JOHOREANS are excited about the overall improvement of the Sungai Segget area and now look forward to more fun and creative activities in the city centre.
One of them is 34-year-old public relations officer Dawson Yeang, who says the area could become a backdrop to more meaningful programmes and activities in the future.
He added that efforts to promote Johor Baru’s rich culture and heritage should not be solely the government's responsibility and that it also required the local community's participation and commitment.
“Non-governmental organisations (NGO) and activists should take the opportunity to apply for the grant to organise more arts, heritage and culture-related contents and signature events to attract locals and tourists to the area.
“Through various interesting programmes, they can then encourage people to appreciate and understand the historical and heritage values of Johor Baru such as the development of Johor Baru from the Sir Sultan Abu Bakar era and how Sungai Segget was an important spine in the city’s history,” he said.
Yeang added that public and private sectors could also forge smart partnerships with the local communities and NGO through their corporate social responsibility funds to hold programmes.
Postgraduate student Norafisyah Ahmad, 29, suggested that a common space or public area be set up to hold weekly creative events and activities for the public
“Johor is known for its traditional zapin and kuda kepang performances. Johor Baru is also the birthplace of the 24 Chinese festive drums.
“Shopping malls have regular fun activities to attract visitors to the premises. Similar efforts can be done for the downtown area too,” she said.
Norafisyah, who is pursuing a master’s degree in architecture, also said she would share information on the grant programme with her coursemates who have been researching on ways to promote the downtown Johor Baru area.
Arulmigu Rajamariamman Devasthanam president V. Raja Selan said the grants programme was timely as the temple would be opening its Indian Heritage Centre in October.
The double-storey centre, located within the temple grounds in Jalan Ungku Puan, was aimed at promoting the Indian community’s rich culture and history.
“Construction of the centre which started in 2019, was completed in August last year but there was a delay in the opening due to the Covid-19 pandemic.

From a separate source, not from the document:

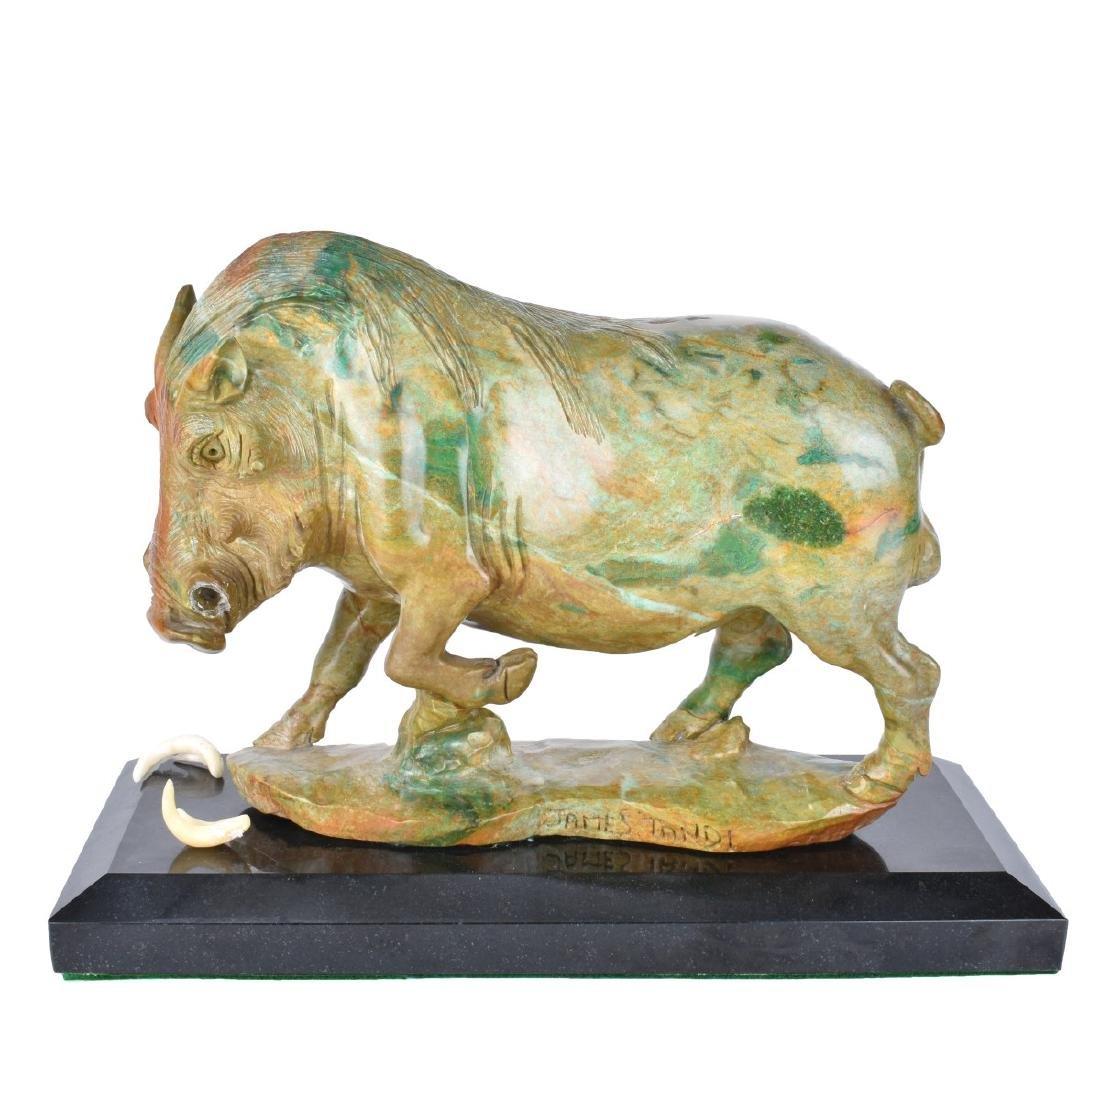 James Tandi (20/21st century) Verdite Sculpture

“We are looking forward to applying for the grant to fund our opening ceremony and educational efforts once it is open to the public.," he said, adding that the RM1.5mil centre, and the temple, which is the oldest Hindu temple in Johor Baru, would complement the Sungai Segget project.
Raja Selan, who is also the heritage centre’s deputy chairman, said visitors from all races and background could look forward to exhibitions and displays such as a the golden chariot and important documents and artefacts at the heritage centre.
“There are many stories of the Indian community waiting to be discovered, such as how the ancestors travelled from India by sea to settle down in Malaya as well as the community’s contribution to the development of Johor Baru.
“Visitors and students can also discover unique practices that are lost in today’s world such as how fresh milk in glass bottles were delivered by men on bicycles back in the day,” he added.
Cultural activist Tan Chai Puan, who is also one of the two creators of the 24 Chinese festive drums in 1988, said the grant would help stimulate the local people’s involvement in preserving the arts and culture.
The Sungai Segget rejuvenation and the grant, he said, would make Johor Baru a more lively and vibrant destination comparable to Penang’s George Town.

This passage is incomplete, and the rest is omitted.